Key takeaway:  "By 11 p.m., he still had not spoken, but the news was spreading 
without him" -- welcome to the world of the modern news cycle and message 
management.  --- rick


May 1, 2011, 11:28 pm
How The Osama Announcement Leaked Out

By BRIAN STELTER

http://mediadecoder.blogs.nytimes.com/2011/05/01/how-the-osama-announcement-leaked-out/?src=twrhp

The terse announcement came just after 9:45 p.m. Sunday from Dan Pfeiffer, the 
White House communications director. “POTUS to address the nation tonight at 
10:30 PM Eastern Time,” he wrote on Twitter, sharing the same message that had 
just been transmitted to the White House press corps.

The nation’s television networks and newspapers did not know, at first, that 
President Obama would be announcing the death of Osama bin Laden, an 
extraordinary development in the nearly ten-year-long war against terrorism 
waged by the United States and its allies. But reporters in Washington 
suspected almost immediately that the announcement could be about bin Laden.

That speculation was not aired out on television immediately, but it did erupt 
on Twitter and other social networking Web sites. Wishful thinking about bin 
Laden’s death ricocheted across the Web — and then, at 10:25 p.m., while Mr. 
Obama was writing his speech, one particular tweet seemed to confirm it. Keith 
Urbahn, the chief of staff for the former defense secretary Donald Rumsfeld, 
wrote at that time, “So I’m told by a reputable person they have killed Osama 
Bin Laden. Hot damn.”

Mr. Urbahn quickly added, “Don’t know if it’s true, but let’s pray it is.” He 
was credited by many on the Web with breaking the news, though he didn’t have 
first-hand confirmation.

Within minutes of that tweet, anonymous sources at the Pentagon and the White 
House started to tell reporters the same information. ABC, CBS and NBC 
interrupted programming across the country at almost the same minute, 10:45 
p.m., with the news. “We’re hearing absolute jubilation throughout government,” 
the ABC News correspondent Martha Raddatz reported.

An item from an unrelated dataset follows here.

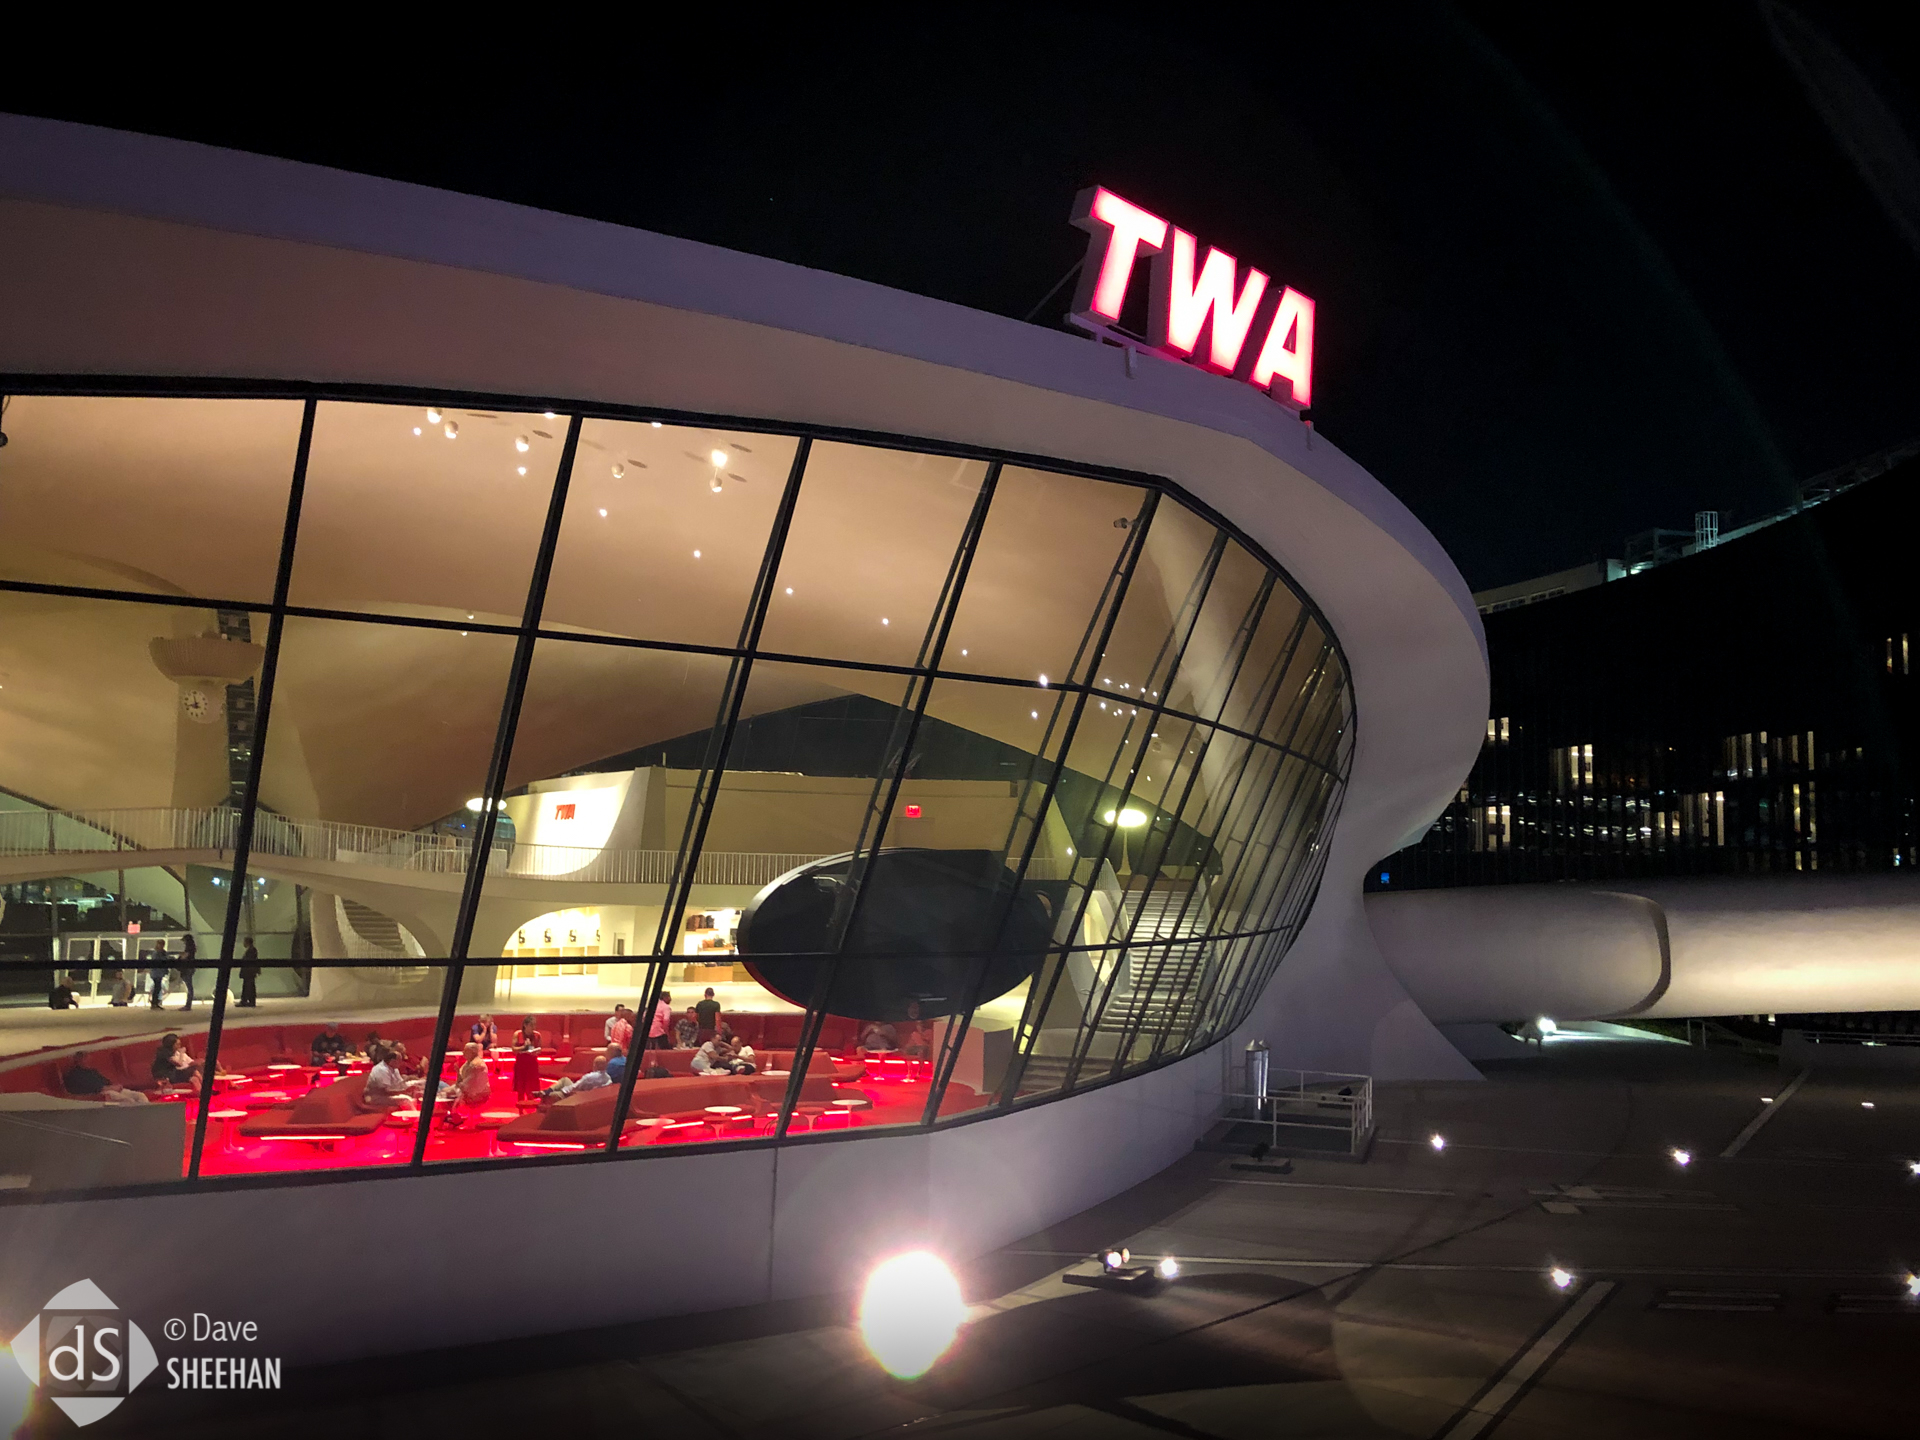 twa-hotel-jfk-1.jpg
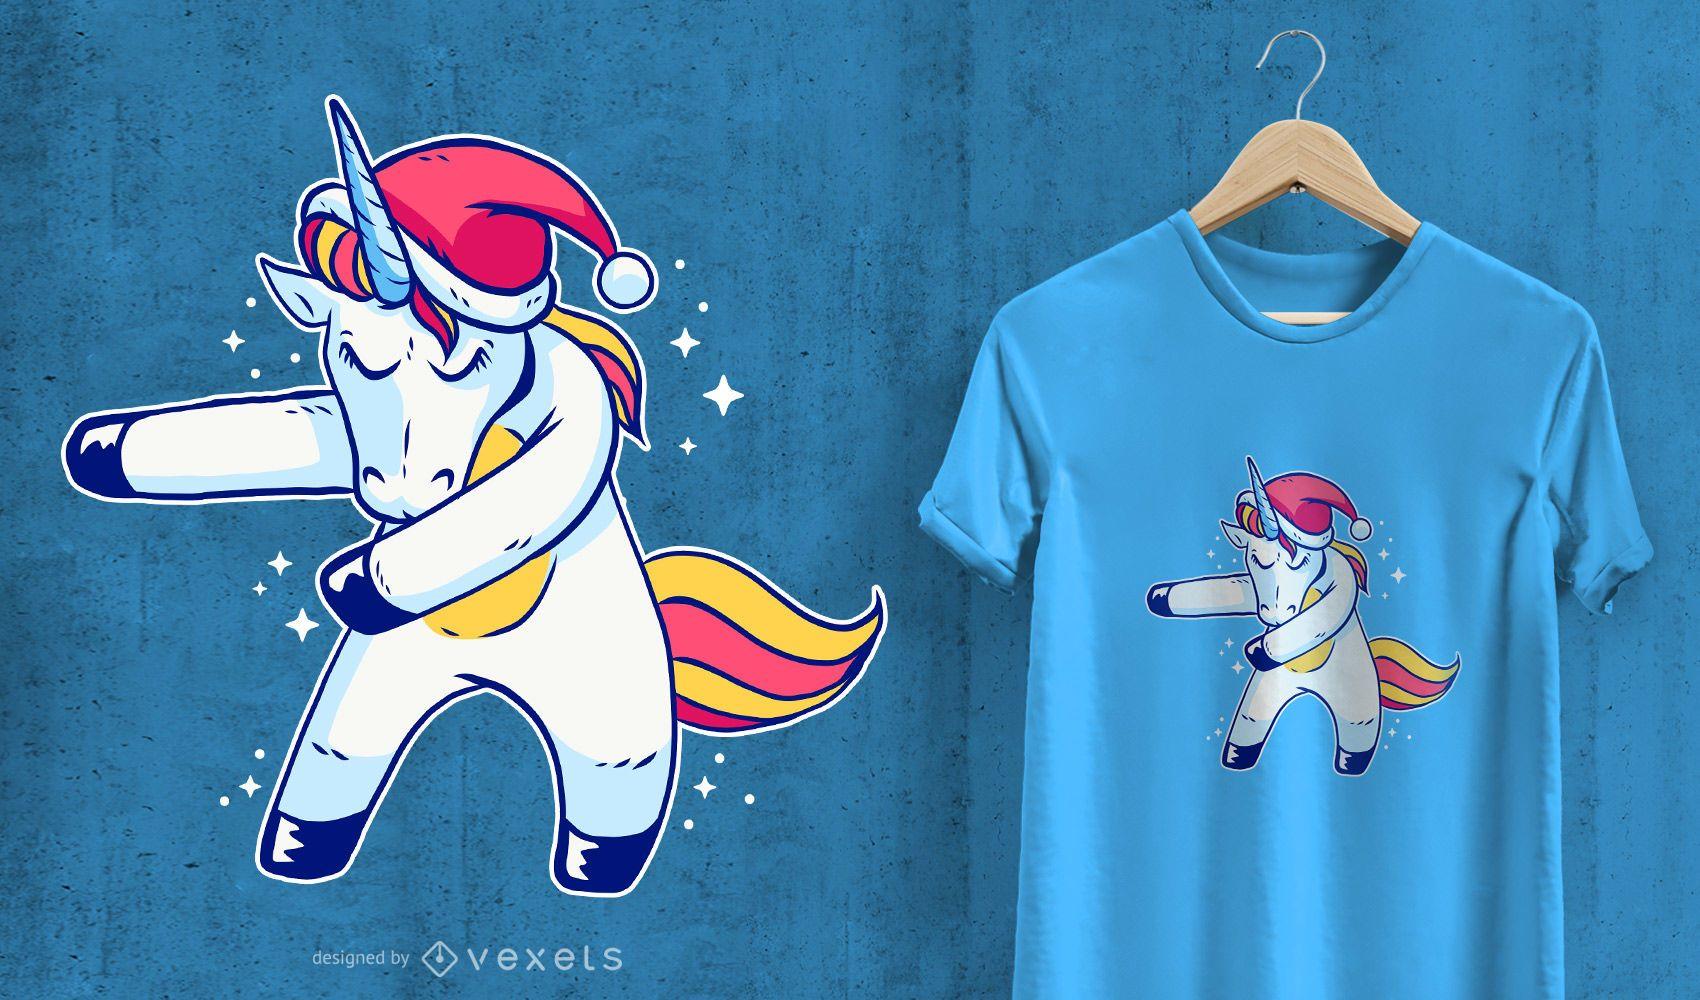 Diseño de camiseta Christmas Unicorn Floss

Brian Williams, an NBC News anchor, told viewers, “This story started to leak 
out in the public domain largely when some Congressional staffers started to 
make phone calls.”

The sources remained anonymous, as the Associated Press said, “in order to 
speak ahead of the president.” Mr. Williams said some journalists received a 
three-word e-mail that read, “Get to work.”

Mr. Obama’s address, initially planned for 10:30 p.m., was delayed repeatedly. 
CNN reported that he was writing the address himself.

By 11 p.m., he still had not spoken, but the news was spreading without him. 
Shortly after the top of the hour, there were more than a dozen Facebook posts 
with the word “bin Laden” every second on Facebook. The New York Post’s Web 
site blared, “We Got Him!” The Huffington Post front page simply read, “Dead.”

And around the country, Americans gathered around televisions to digest the 
news. “This ends a chapter in the global war on terrorism which has defined a 
generation,” the NBC correspondent Richard Engel said.

One Twitter user in California said her whole family was watching, including 
her nine-year-old child. “We’re explaining who Osama Bin Laden is,” she wrote.

Her child was born several months after the Sept. 11, 2001 terrorist attacks.